* **ACTIVITY**: In the records below, find the line with "stearns & foster" and the line with "LDS Color Craze". Print both exactly, along with every line between them, and no other line.

* **INFORMATION SUPPLIED**:
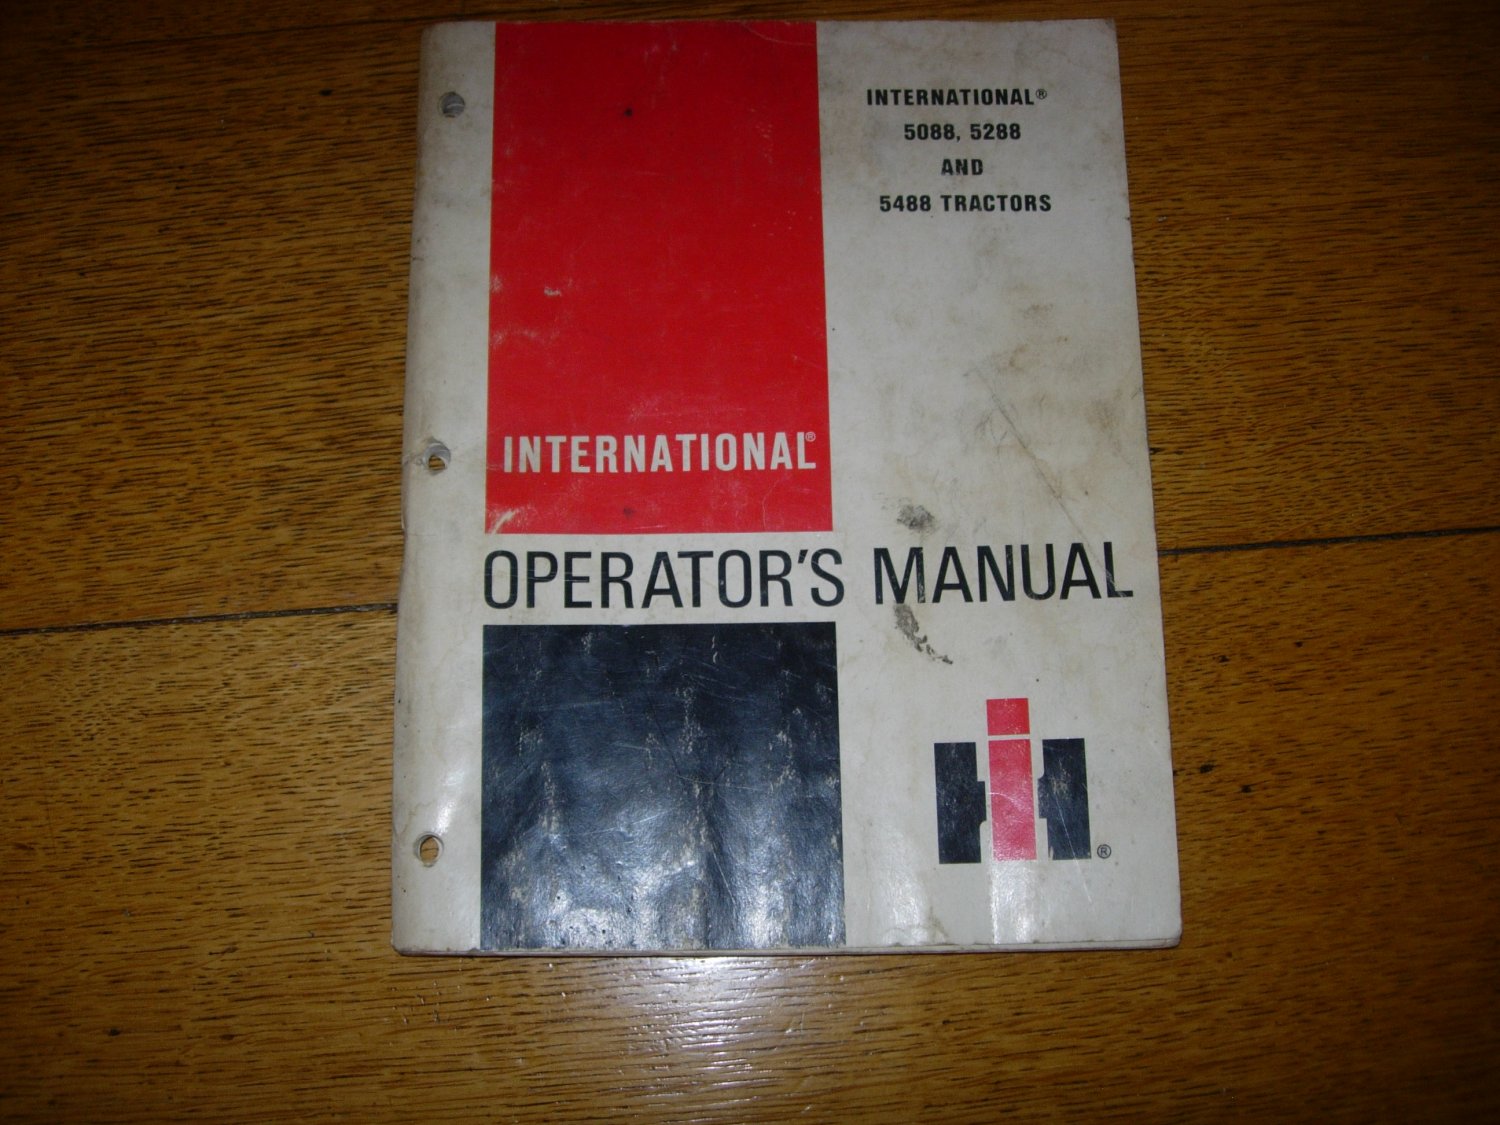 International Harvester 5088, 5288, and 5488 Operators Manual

* * *

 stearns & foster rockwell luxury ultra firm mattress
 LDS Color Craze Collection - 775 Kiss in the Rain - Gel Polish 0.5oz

* **OUTPUT OF THE TASK**:
 stearns & foster rockwell luxury ultra firm mattress
 LDS Color Craze Collection - 775 Kiss in the Rain - Gel Polish 0.5oz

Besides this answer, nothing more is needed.